We would also have raised the question as to why, despite the lockdown, the state must bring back affluent students who went to some coaching centres away from home with the aim of becoming civil servants, doctors or engineers, while so many Jamlo Makdams – simply because they are poor – must “stay put where they are”?
Why this differential treatment for the two sets of people under the same law in a country that cries hoarse over its constitution being an epitome of “equality”? Well, the concept of equality in India has always been somewhat hazy. In practice, the law applies differently to different people. How can a poor labourer be equated with a pilgrim or a student?
It is not that stray voices are not raising these and related questions. However, in general a strange numbness has descended on the collective will of the nation to seek explanations from its leadership. Even these few feeble voices of sanity are met with a stony silence on the part of the government and a volley of virulent and abusive riposte on the electronic media from the shouting brigade of the ruling party.
It seems that even the higher bureaucracy has reneged on its duty to render advice to the ministers, assuming the safer role of merely carrying out instructions of their political bosses. It is perhaps for this reason that the frequency of ‘modifying’ or ‘amending’ Government orders and notifications is arising more frequently now than ever before. If instead of singing paeans to the power that be the higher echelons of the bureaucracy would only advise the decision-makers to plan in advance for the workers who would lose their jobs due to the lockdown, perhaps the little girl would still be alive, and the way we treat our less fortunate compatriots would not weigh as much on our national conscience.
According to newspaper reports of 15 May 2020 the Supreme Court opined that during times of crisis such as we are passing through now, the judiciary should work in harmony with the executive. The Court refused to pass any order, saying that it was not possible for it to monitor who was walking and who was not. They would, of course, their Lordships added, have the jurisdiction to intervene if the executive allowed the lives of citizens to be endangered.
There is no denying the fact that the judiciary must not be an impediment to the smooth functioning of the executive, especially during a crisis. If forcing people out of their jobs, denying them wages and then failing to provide them with food and shelter is not “endangering” their lives, then I do not know what the right to life guaranteed by the Constitution means.
Strangely, after over a month’s delay the Supreme Court has suddenly awakened to the fact that thousands of migrant labourers have been walking back home and that they have been walking on the highways and on railway tracks. The court has been magnanimous enough to suo motu issue an “order” directing the central and state governments to provide these labourers with shelter, transport and food! And on what the court has relied in passing the order? “Newspaper and media reports” – the same documents which the same court had earlier found to be of no evidenciary value and, therefore, could not be the basis for a PIL.

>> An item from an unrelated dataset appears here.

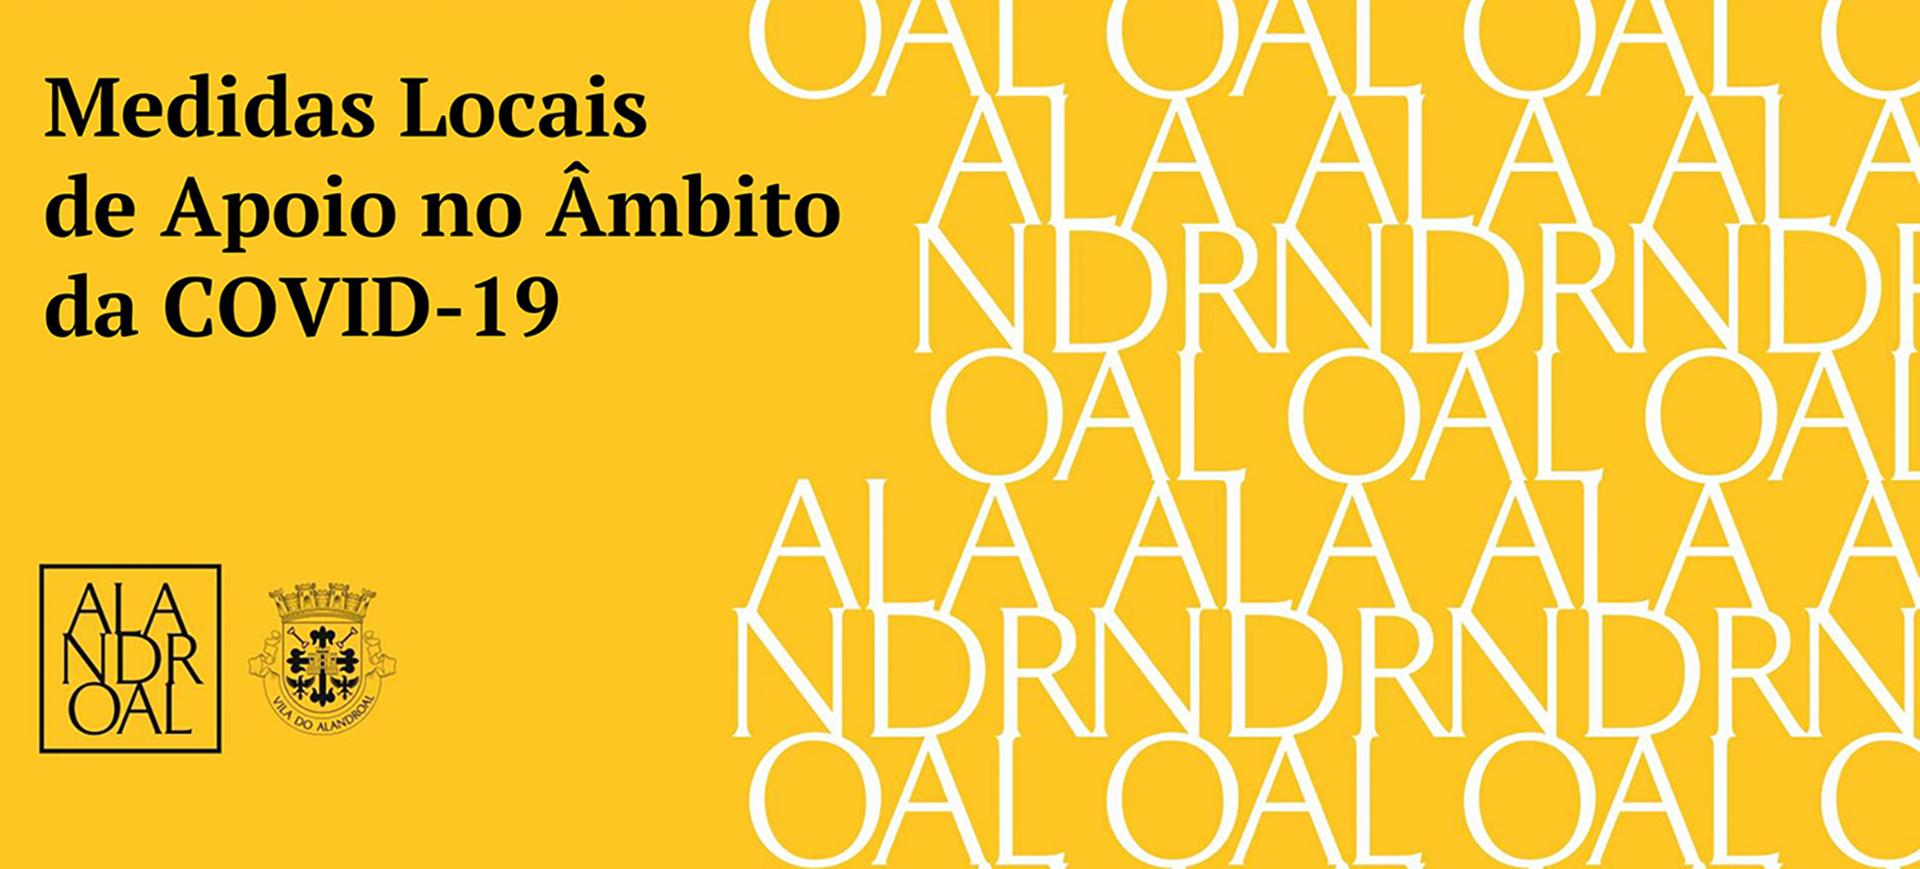 (Português) Medidas Locais de Apoio no Âmbito da COVID-19

It would not be a bad idea to conduct some research on what led to this sudden change of heart of the apex court.
The central government assures us that the country has enough stock of food grains, and that special trains are carrying them to all corners of the country. Strangely, many states are complaining that they have not received even a fraction of their requirement of food grains. If the centre and the states, even at this critical juncture when starvation looms large on millions of people, play a political game of one-upmanship the country may have to pay an unimaginably heavy price for it.